Policing issues are not the same. The ‘mild’ street crime doesn’t stop if the only person that turns up can’t do anything about it. And the major stuff can’t be spotted if the real officers are not around as a matter of routine. That is the harm of trying to do it cheaply.
Medicine is actually a better analogy than electrical work. Yes, doctors can be a bit precious. But if you keep being sent to a nurse when you have a tummy bug, you’ll be told it’s just a virus, get some rest, have some biscuits and plenty of water. 95% of the time, they’ll be right. The other 5% will continue wasting away until they collapse and are rushed to casualty…
Go to a good GP and they’ll see the ongoing history of tummy upsets, the thin arms, the disproportionate tummy, the pale complexion, the anaemia, then diagnose Coeliac disease and tell you never to eat a biscuit again. (for example!)
Or another analogy – 99.9% of transatlantic flights are wholly routine. So we don’t need a fully qualified pilot, surely?
Why is volunteering unacceptable and morally wrong? If Specials were paid there would then be all sorts of perverse incentives. If Specials want to do a demanding high-risk job for nothing then more fool them! Why do you want to stop them?

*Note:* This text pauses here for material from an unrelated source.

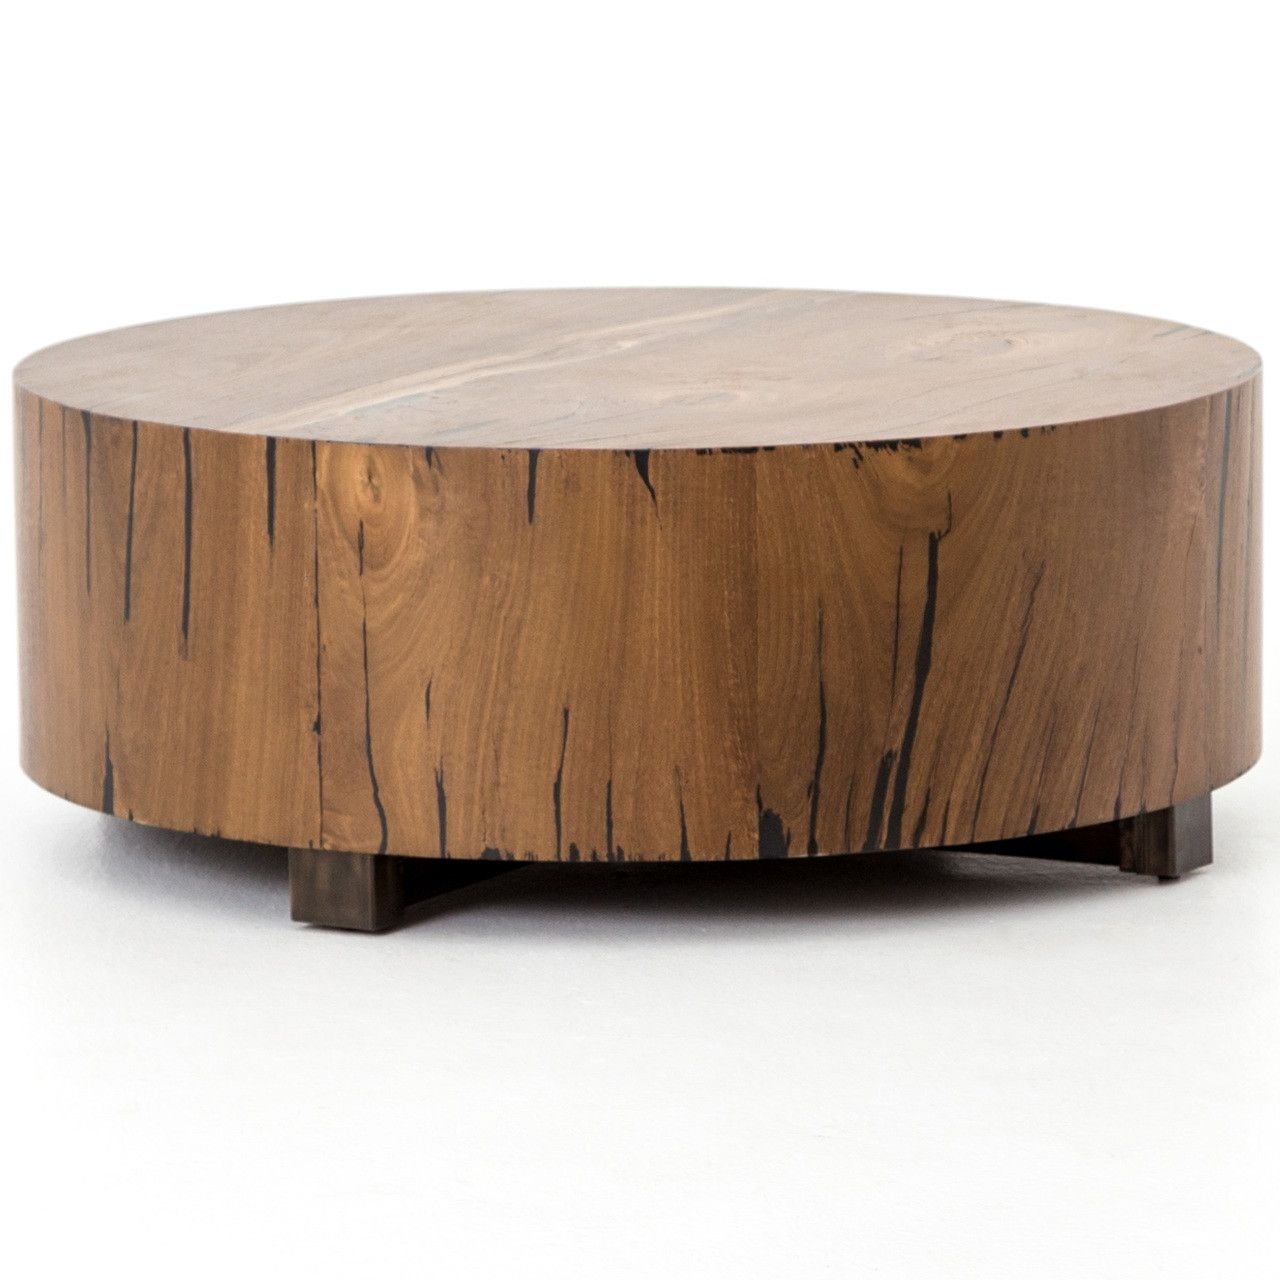 Hudson Round Natural Yukas Wood Block Coffee Table | Zin Home With Coffee Tables With Round Wooden Tops (Photo 4 of 15)
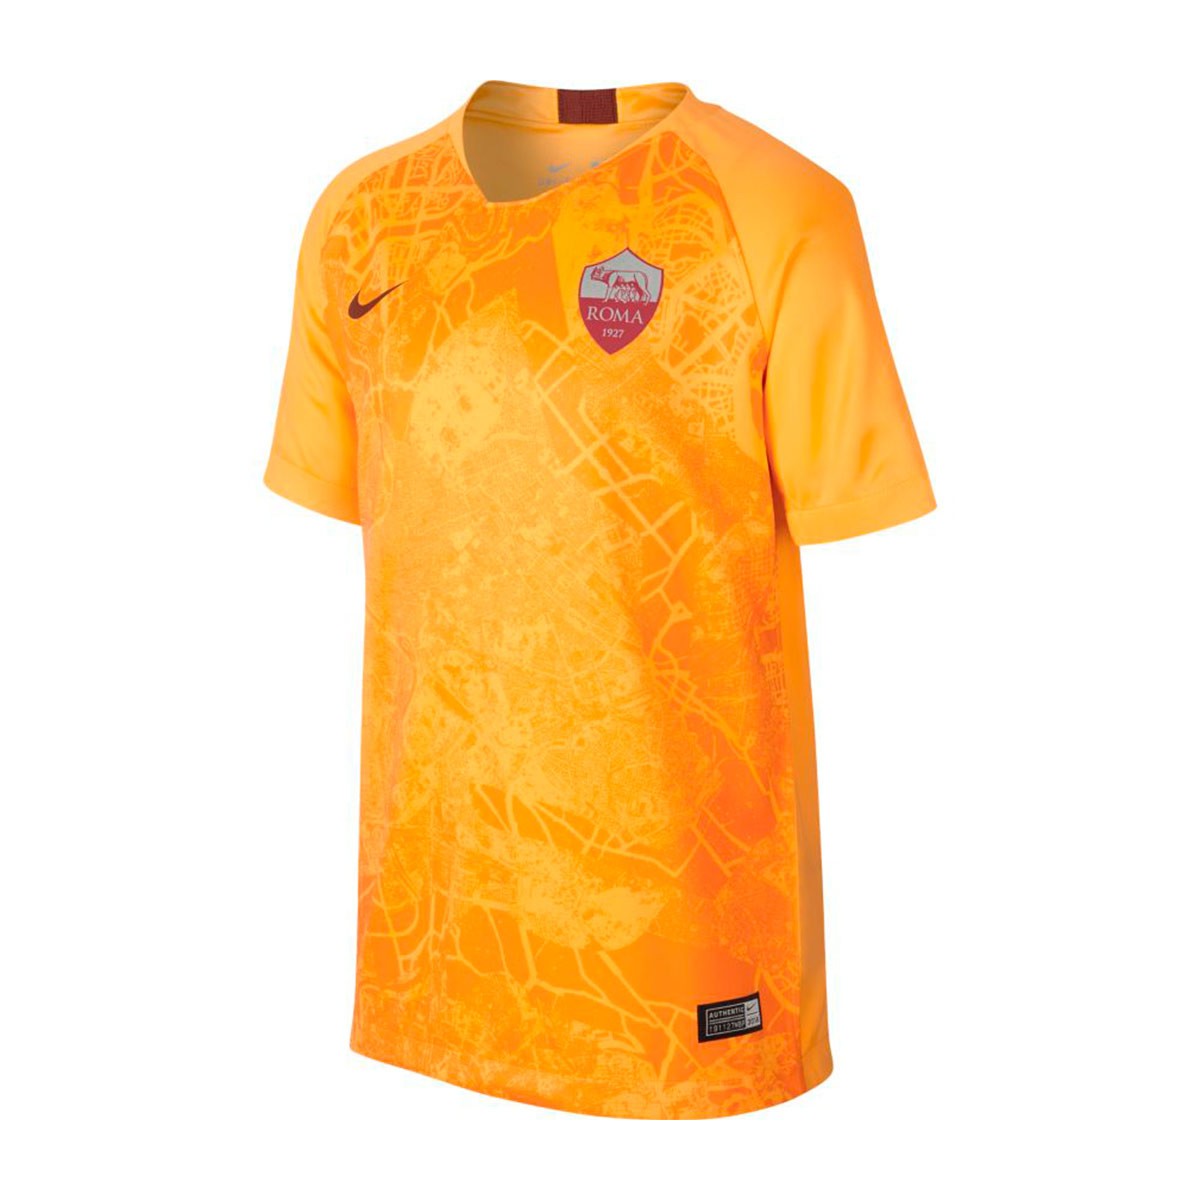 roma football club jersey

Remember Peel’s maxim that the Police are just doing full time what everyone ought to be doing anyway. Surely Specials are just formalising that?
Also think about paying Specials, then the government would put a limit on the number because of costs so again you would have fewer officers on the street not more. Or do you think the Police budget should be effectively unlimited?
“Why is volunteering unacceptable and morally wrong? “
It’s not the volunteering – it’s the fact the Government says ‘Whee! Copperin’ on the cheap!’…
“do you think the Police budget should be effectively unlimited?”
No. But get rid of all the ‘diversity officers’, ‘crime co-ordinators’, ‘citizen’s outreach officers’ and the other non-jobs, and you could pay for a hell of a lot more real coppers.
I agree with you, JuliaM.
I’ve always sort of had the suspicion that we use Specials to keep the regular Police aware that they shouldn’t get too bolshy over money as look! There are people who will do the job for free! Which is genius, but we should recognise what it is!
Patently..We will have to disagree. but the shopping centres I visit have between 6 and 50 security guards each. With in-house training and only a heavy radio and a sort of majorette uniform they manage to keep order and deal effectively with crime, accident, annoyance and illness. Evacuation,security,first aid, restrictions codes of conduct and parking.
The Private sector pays for them because the police stopped coming.
That is the danger trend. Private Police walking the streets.Private police in gated areas. Private Police in retail parks.
Who would want that?
“Libertarians”.
Did Labour invent the Special Constabulary? No. Could Specials ever replace the regular force? No. There are something like 30,000 regular officers in London and 3000 Specials doing on average two shifts a month. They add a little bit of extra coverage there is absolutely no way that they could cover London if the regular officers went on strike or whatever.
I doubt many Specials sign up because they want to help Ms Smith keep her stats happy. Why would any government discourage people from volunteering?
BE, of course they’re aren’t enough to cover the full-time force, and I would hate to see people not volunteer, but the point of this post was to point out that the government is placing an increasingly heavy reliance on people who either (a) don’t get paid very much – PCSOs, or (b) don’t get paid at all – Specials.
In my opinion, this is because the government is deliberately squeezing police authority budgets, which is forcing the police to use more PCSOs and Specials because they are cheaper. Nothing you have said has addressed this concern. What would you say if the government starting cutting the education or healthcare budget and forced local councils to employ volunteer teachers and doctors? I wouldn’t criticise those who wished to volunteer for public service, but that doesn’t make it acceptable for the government to take advantage of their goodwill to save themselves some cash.